UBS Settles French Tax Evasion Case for €835 Million After Years of Legal Appeals
Swiss bank accepts reduced penalty following Supreme Court’s directive to reassess financial sanctions in long-running cross-border tax case
UBS has agreed to pay €835 million to resolve a long-standing French case in which it was found guilty of assisting wealthy clients to evade taxes between 2004 and 2012.
The settlement consists of a €730 million fine alongside €105 million in civil damages to the French state.
The figure is sharply reduced from the €4.5 billion penalty initially handed down in 2019 after years of judicial review.
The case centred on allegations that UBS bankers used secretive techniques — including self-erasing hard drives, discreet client solicitations at luxury events, and unbranded business cards — to recruit French clients who wished to hide their assets in Switzerland.
The French Supreme Court confirmed in 2023 the bank’s guilt for unlawful client solicitation and aggravated money laundering but ordered that the financial penalties and damages be re-evaluated.
After those mandates, the penalty had already been reduced by a Paris appeals court to approximately €1.8 billion.

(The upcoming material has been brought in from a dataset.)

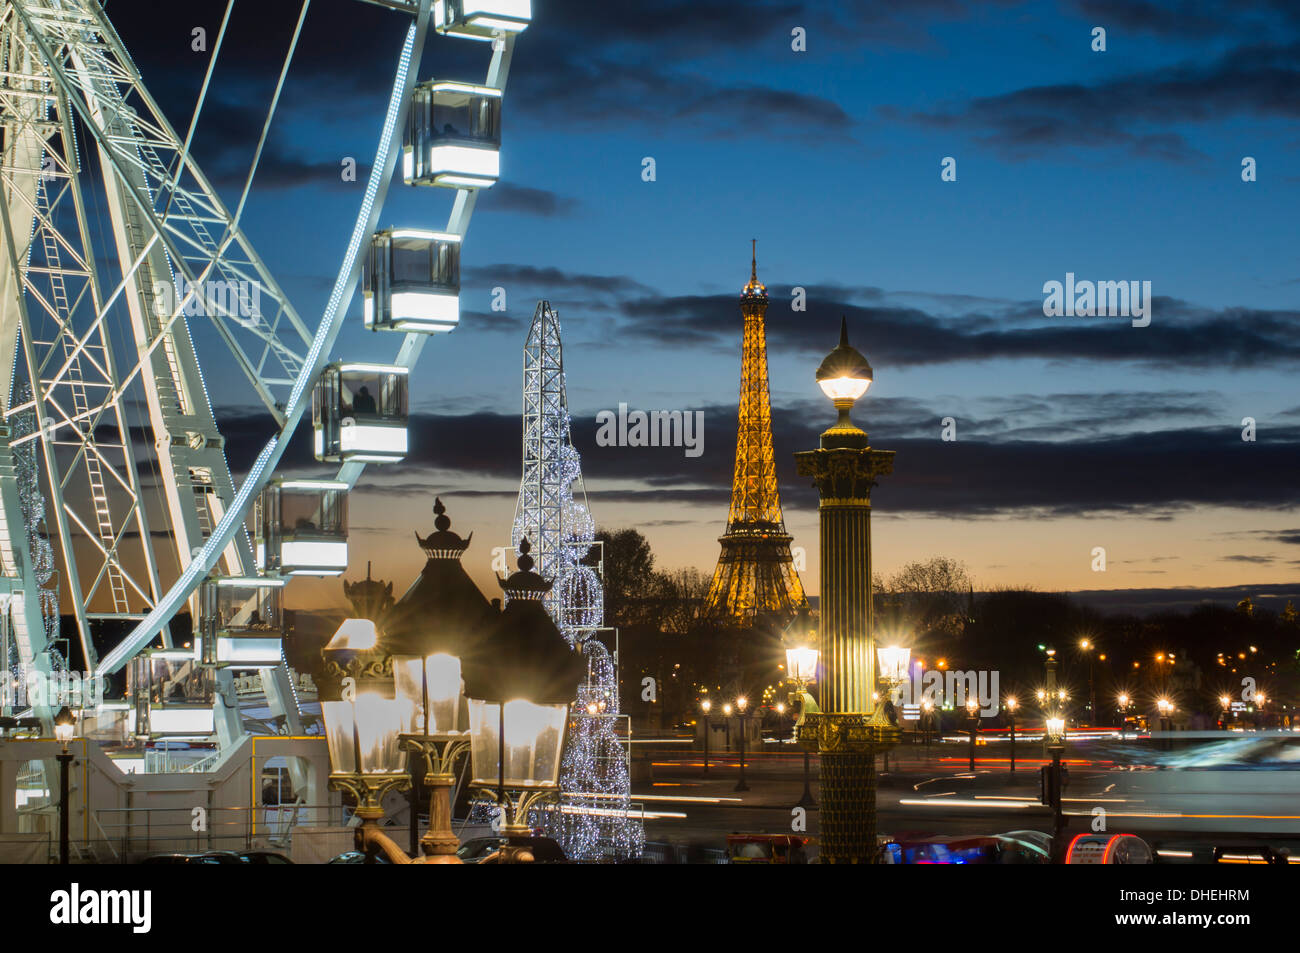 Poue de Paris, Place de la Concorde et de la Tour Eiffel, Paris, France, Europe Banque D'Images

But with the new final settlement, UBS will pay the lower sum while stating that it has made full provisions to cover the amount.
The bank emphasised that resolving this legacy legal matter is consistent with its goal to settle past disputes in the interests of all stakeholders.
The resolution marks a closing chapter to one of Europe’s most high-profile financial legal battles over cross-border tax evasion.
It follows a trajectory through criminal and civil courts, a series of appeals, and scrutiny of banking practices that traverse tax law, financial regulation, and international cooperation against money laundering.